What have you taken home from this project for your artistic activities?
For my work as an artist, as a result of the project, I realised the importance of recognising the needs of the group and developing creative or artistic methods for them, and I realised the significance of accepting all forms of insight as equal and involving them in the work process.
Which topic turns up again and again in your artistic activities?
The following topics are involved in my interdisciplinary work and research:
collections and archives as an art strategy, curator activity as an art medium, bidding farewell as a strategy for a new start and to illustrate the events of the day.
What do you seek to achieve with your arts education activities?
With my arts education activities, I seek to create more acceptance of diversity in the art and cultural landscape, as well as to contribute to inter- and trans-culturality becoming commonplace in the art and cultural context and to sociocultural interests being considered in arts education.

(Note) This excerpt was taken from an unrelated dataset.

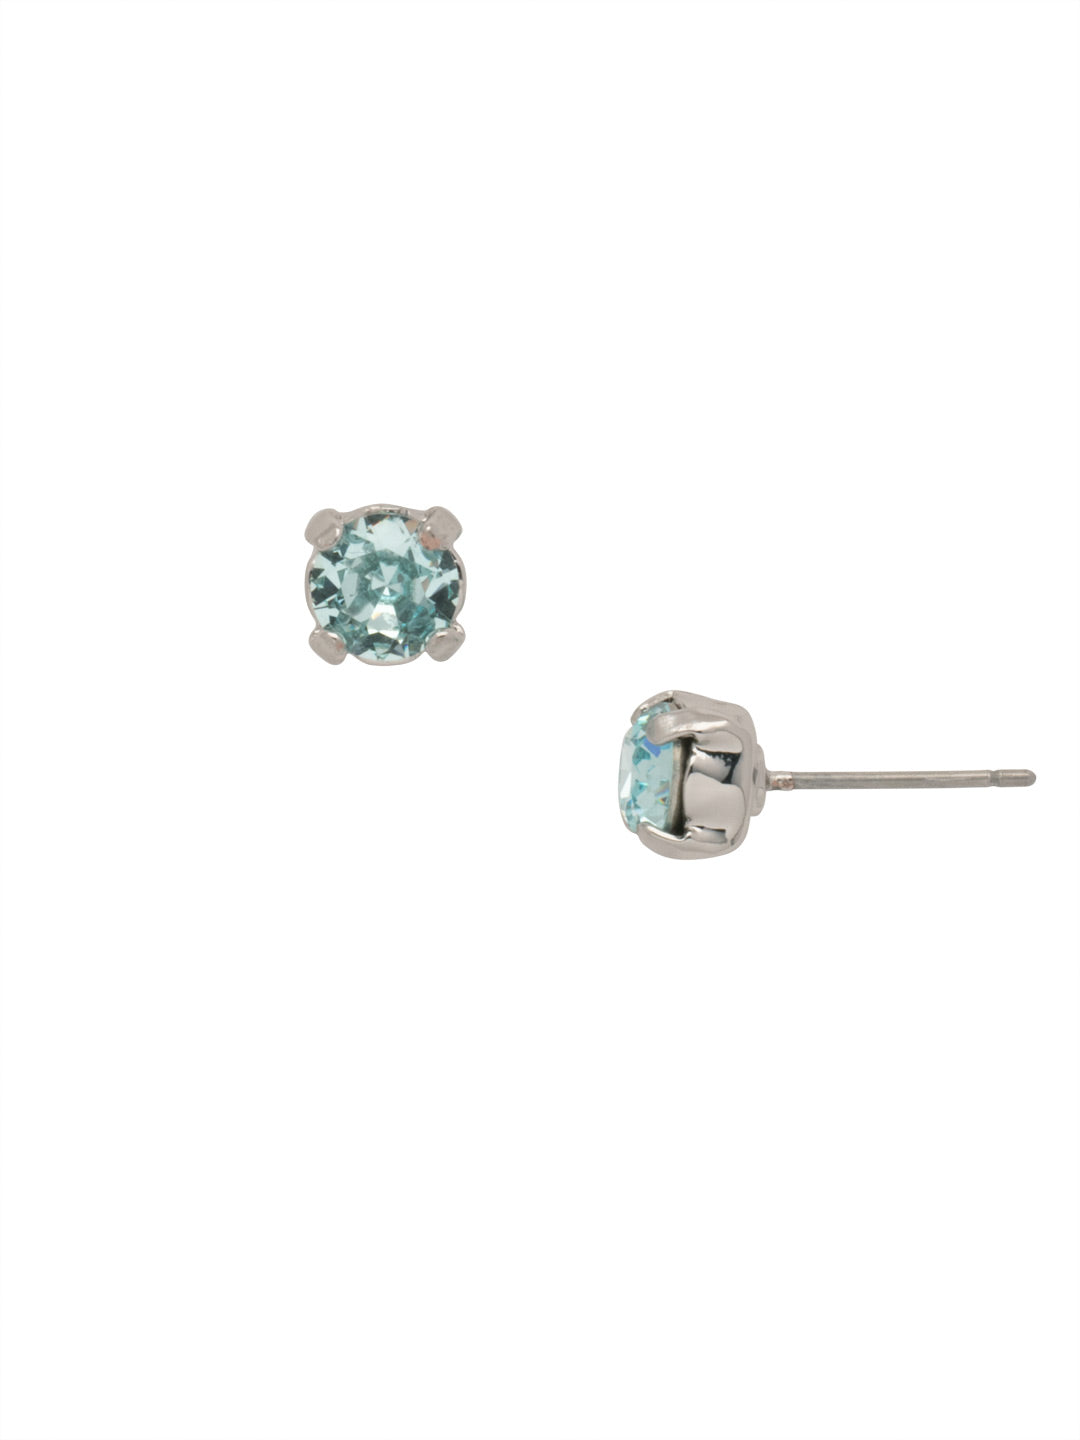 Jayda Stud Earrings - EDN32PDAQU - <p>The Jayda Stud Earrings are the perfect every day wardrobe staple. A round crystal nestles perfectly in a metal plated post with four prongs. </p><p>Need help picking a stud? <a href="https://www.sorrelli.com/blogs/sisterhood/round-stud-earrings-101-a-rundown-of-sizes-styles-and-sparkle">Check out our size guide!</a> From Sorrelli's Aquamarine collection in our Palladium finish.</p>

What, in your view, is the essence of an artistic intervention in arts education?
I regard combining artistic intervention with arts education as a highly interesting and, indeed, necessary endeavour. To me, artistic intervention is a constructive critique of the existing ossified structures in arts education aimed at being able to agilely address the diversified urban society in the here and now. Such “interventions” can act as opening spaces and opening strategies for interaction and participation in which inter- and transcultural conflicts can stimulate the development of identity at individual and organisational level.